Так, на титульном листе книги «Марш одиноких», подписанной библиофилу Дмитрию Тарасенкову, писатель оставил целую серию «музыкальных» посвящений. Наверху, обыграв романс «Старые письма» из репертуара Клавдии Шульженко, он написал: «Романс старой куртизанки» - «В запыленной связке старых писек». Следующий «шлягер» именовался «Диссидентский романс»: «В оппозицию девушка провожала бойца». И наконец, завершалось посвящение «Романсом алкоголика»: «Цирроз-воевода дозором обходит владенья свои».
И выпить, и закусить
- Еще до эмиграции Сергей Донатович сам не без успеха пробовал свои силы в качестве поэта-песенника. Композитор Яков Дубравин в 1967 году решил принять участие в конкурсе на лучшую песню в честь 50-летия Октябрьской революции и искал того, кто мог бы на готовую мелодию написать слова. Обратился за помощью к Валерию Грубину, у которого преподавал когда-то пение в школе. Грубин привел к Дубравину Довлатова, своего ближайшего друга со времен учебы на филфаке Ленинградского университета.

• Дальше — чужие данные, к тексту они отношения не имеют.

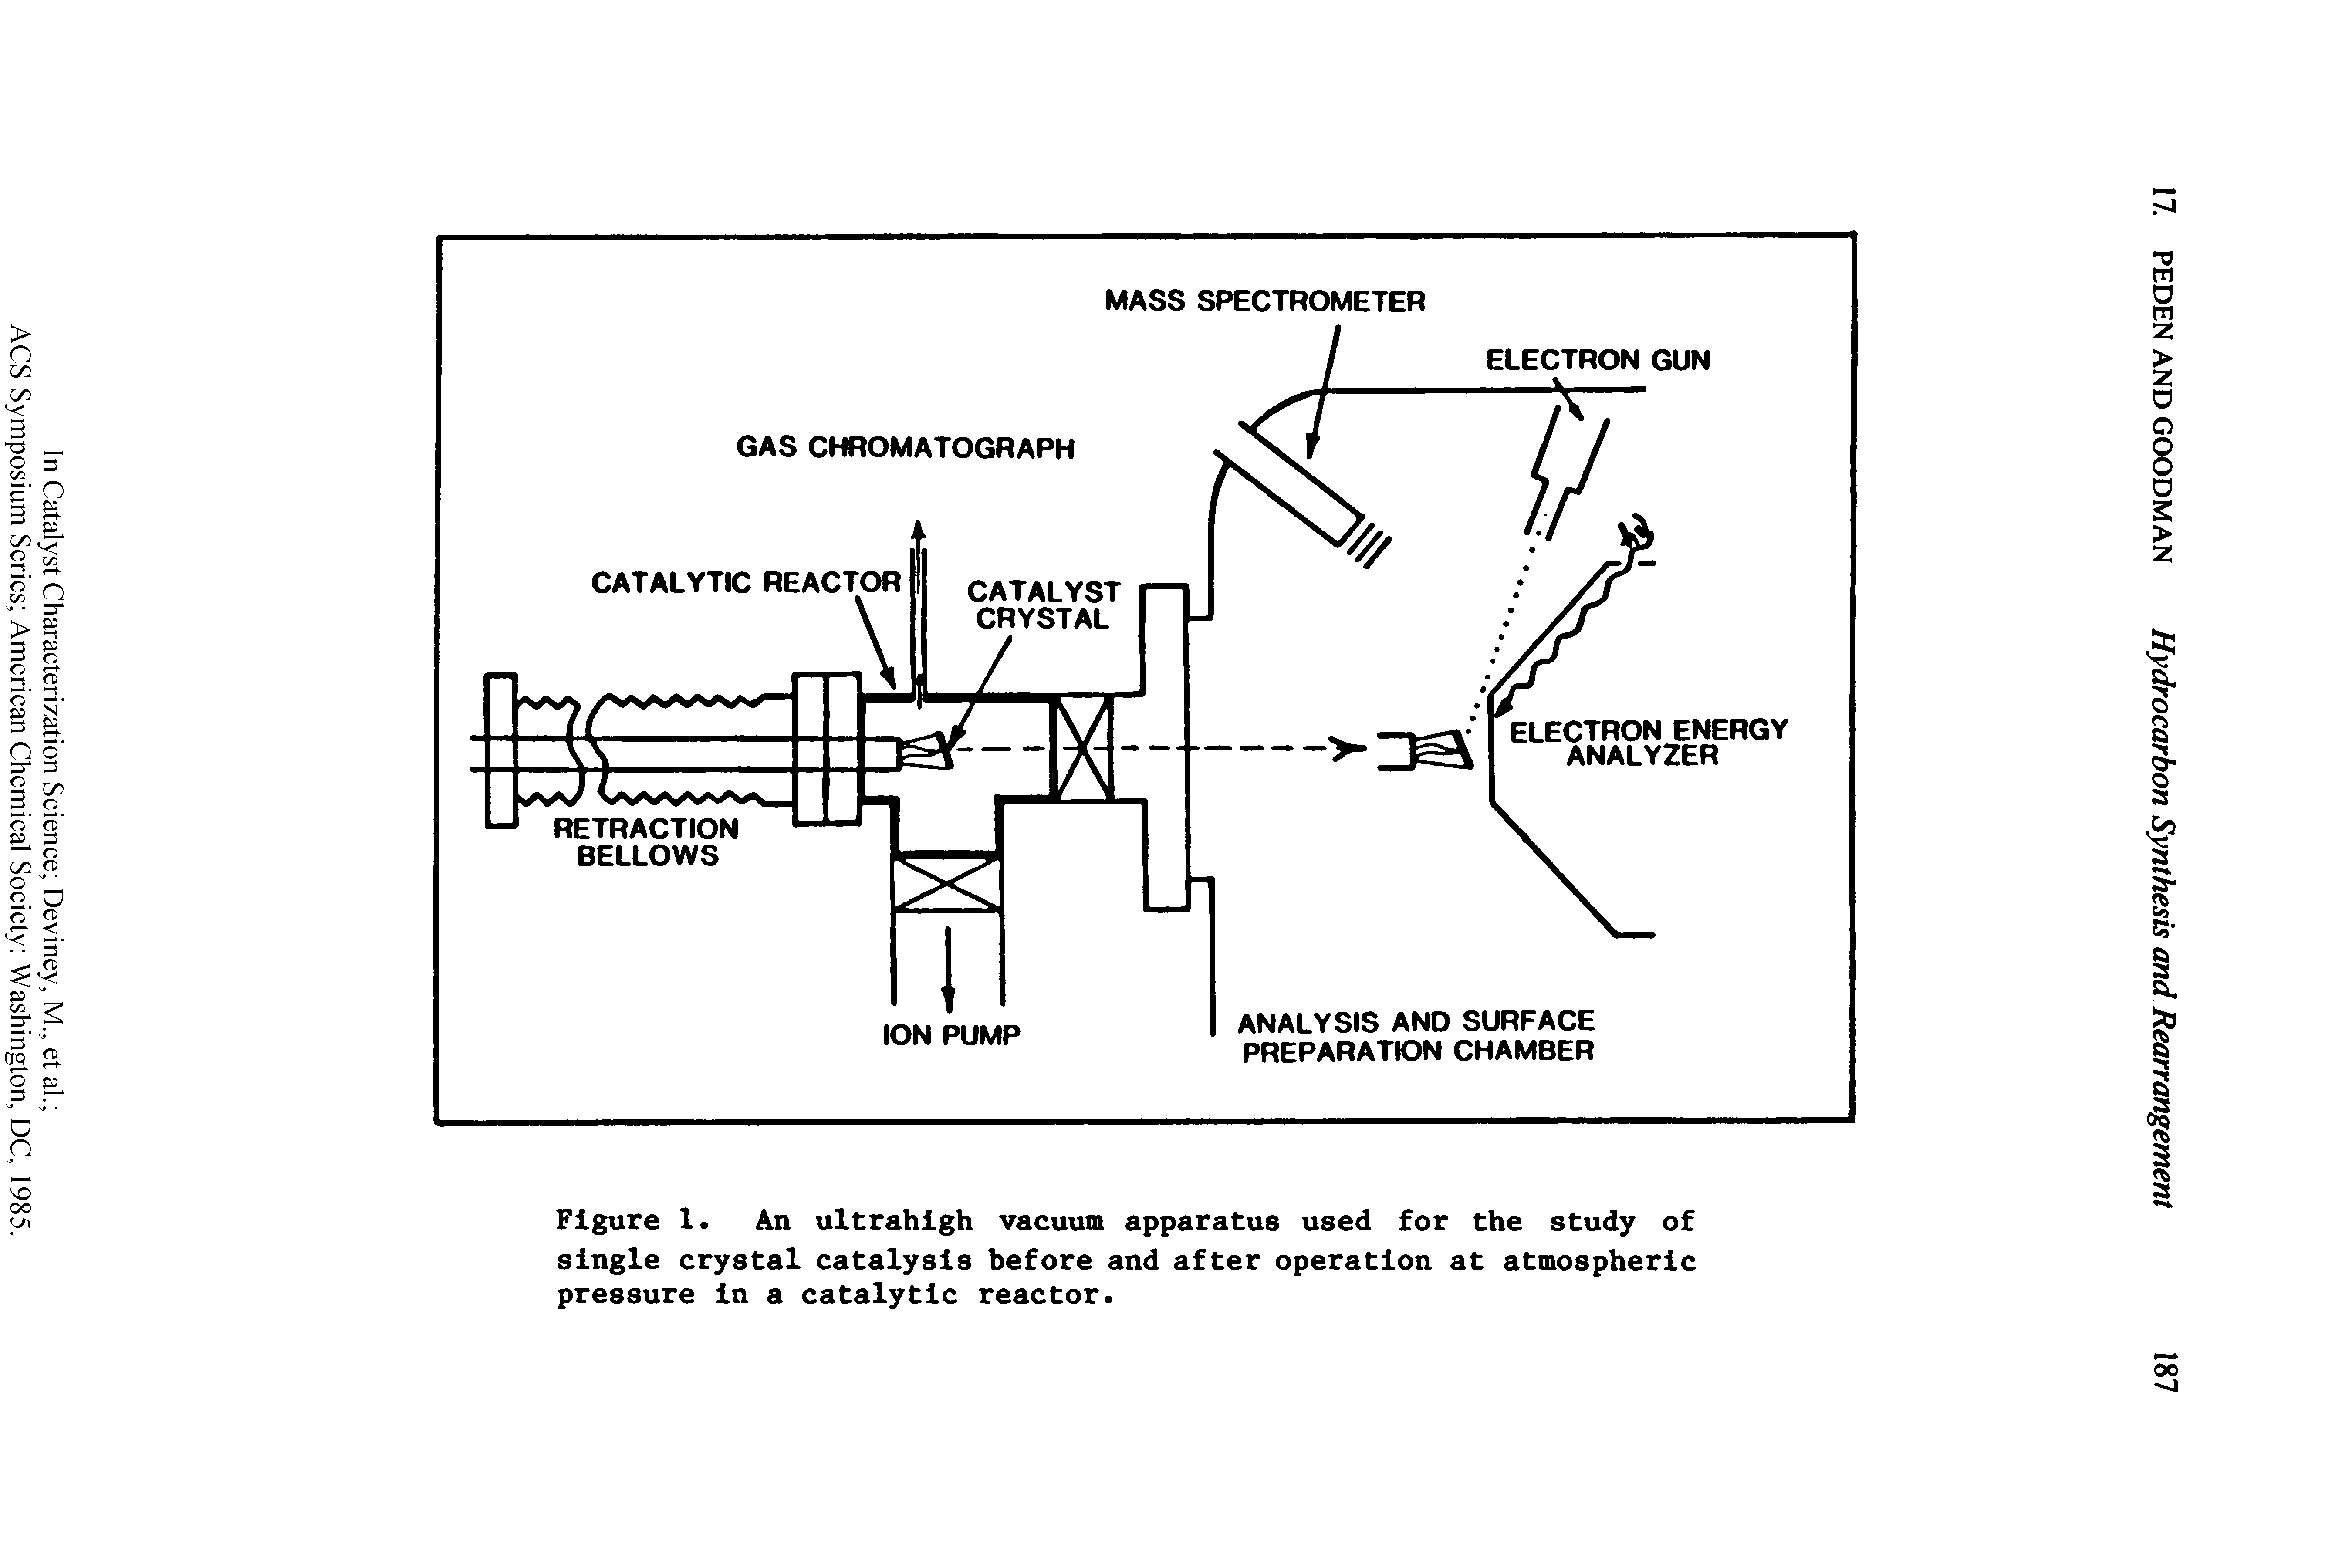 Figure 1. An ultrahigh vacuum apparatus used for the study of single crystal catalysis before and after operation at atmospheric pressure in a catalytic reactor.

Отрекомендовав как блестящего поэта.
Они хорошо посидели, выпили, и Довлатов в один присест сочинил текст песни «Свидание с Ленинградом». Правда, когда пришла пора подавать песню на конкурс, он категорически отказался подписывать ее своим именем, взяв себе псевдоним Валерий Сергеев. Песня получила на конкурсе приз. Звучала на радио и концертах. Первым ее исполнил Анатолий Королев, а затем взяли в свой репертуар Магомаев и Пьеха.
Над композитором Дубравиным Довлатов впоследствии подшучивал в книге «Соло на ундервуде»:
«Яша Фрухтман взял себе красивый псевдоним - Дубравин. Очень им гордился. Однако шутники на радио его фамилию в платежных документах указывали: «Дуб-раввин».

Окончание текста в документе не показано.